Les CONTRE du multi-tâches
Des études scientifiques menées en 2009 par le professeur Earl Miller, au Massachusetts Intitute of Technology, ont mis en évidence que le cerveau était incapable de gérer efficacement plusieurs choses à la fois. Il passe d’une chose à une autre tant bien que mal et peine à tout traiter. Le cerveau s’évertue en fait à faire des allers-retours rapides entre les tâches car il ne peut pas les mener de front simultanément, et se trouve en situation de « surchauffe » !
En essayant de réaliser plusieurs choses à la fois, on met son cerveau en sur-régime. On sabote ce formidable outil ultra-perfectionné en ne l’utilisant pas dans des conditions normales de fonctionnement.

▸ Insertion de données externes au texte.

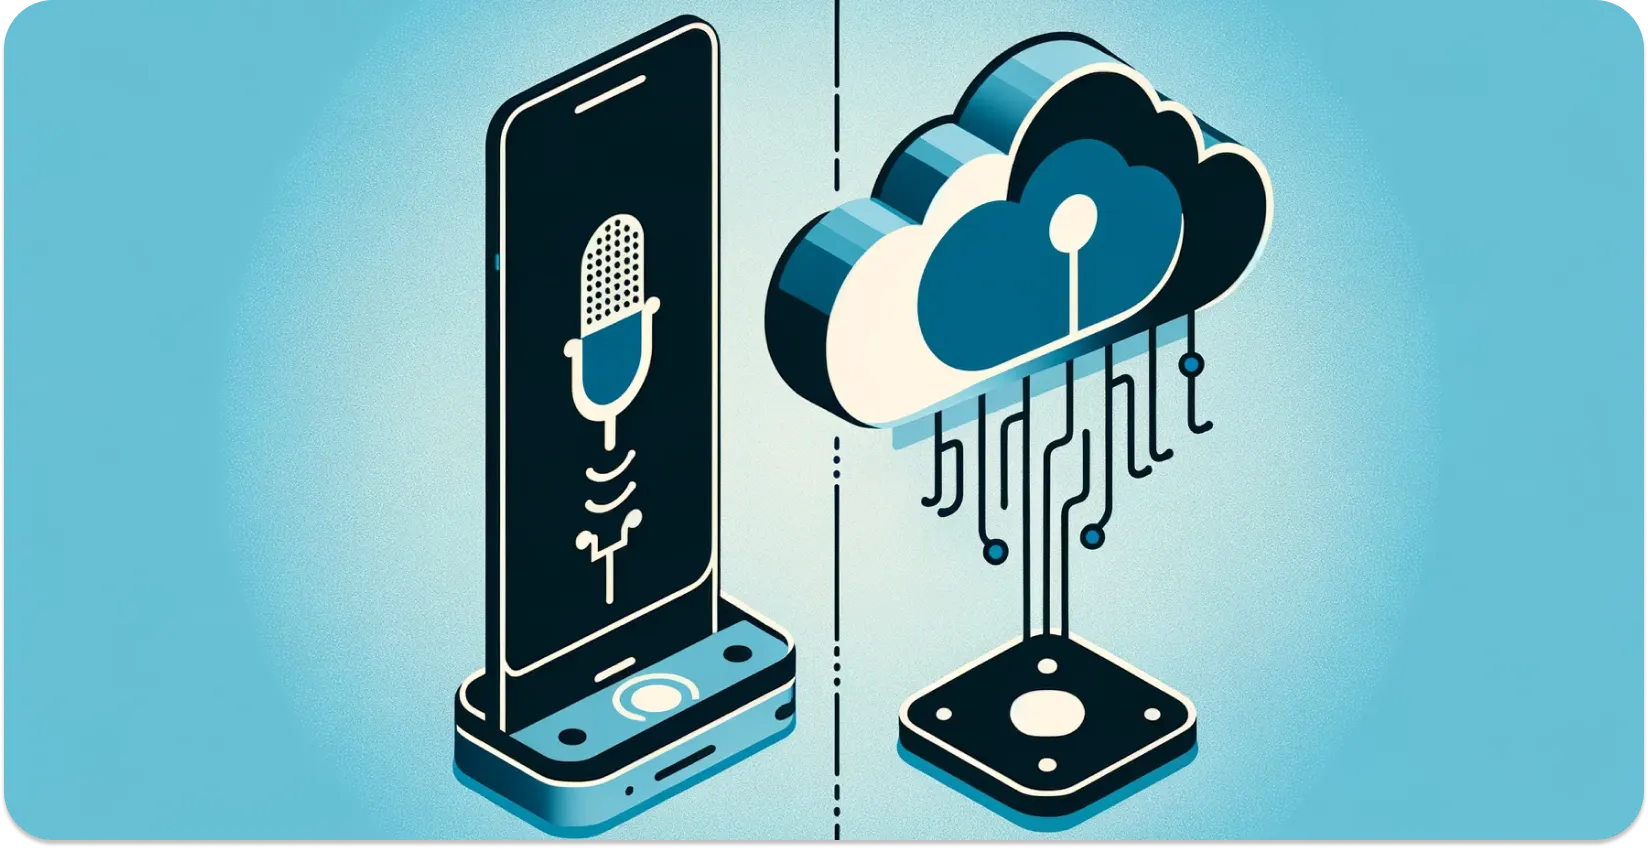 Встроенный и облачный тип распознавания речи при повседневном использовании технологий.

Résultat : il s’adapte bien sûr, car il est malléable et ne dit jamais non ! Mais les résultats s’en font sentir : on perd en concentration et on commet plus d’erreurs. On mémorise moins bien, certaines informations sont « zappées », et le travail effectué est plus superficiel. Pire, on met beaucoup plus de temps à effectuer tout cela…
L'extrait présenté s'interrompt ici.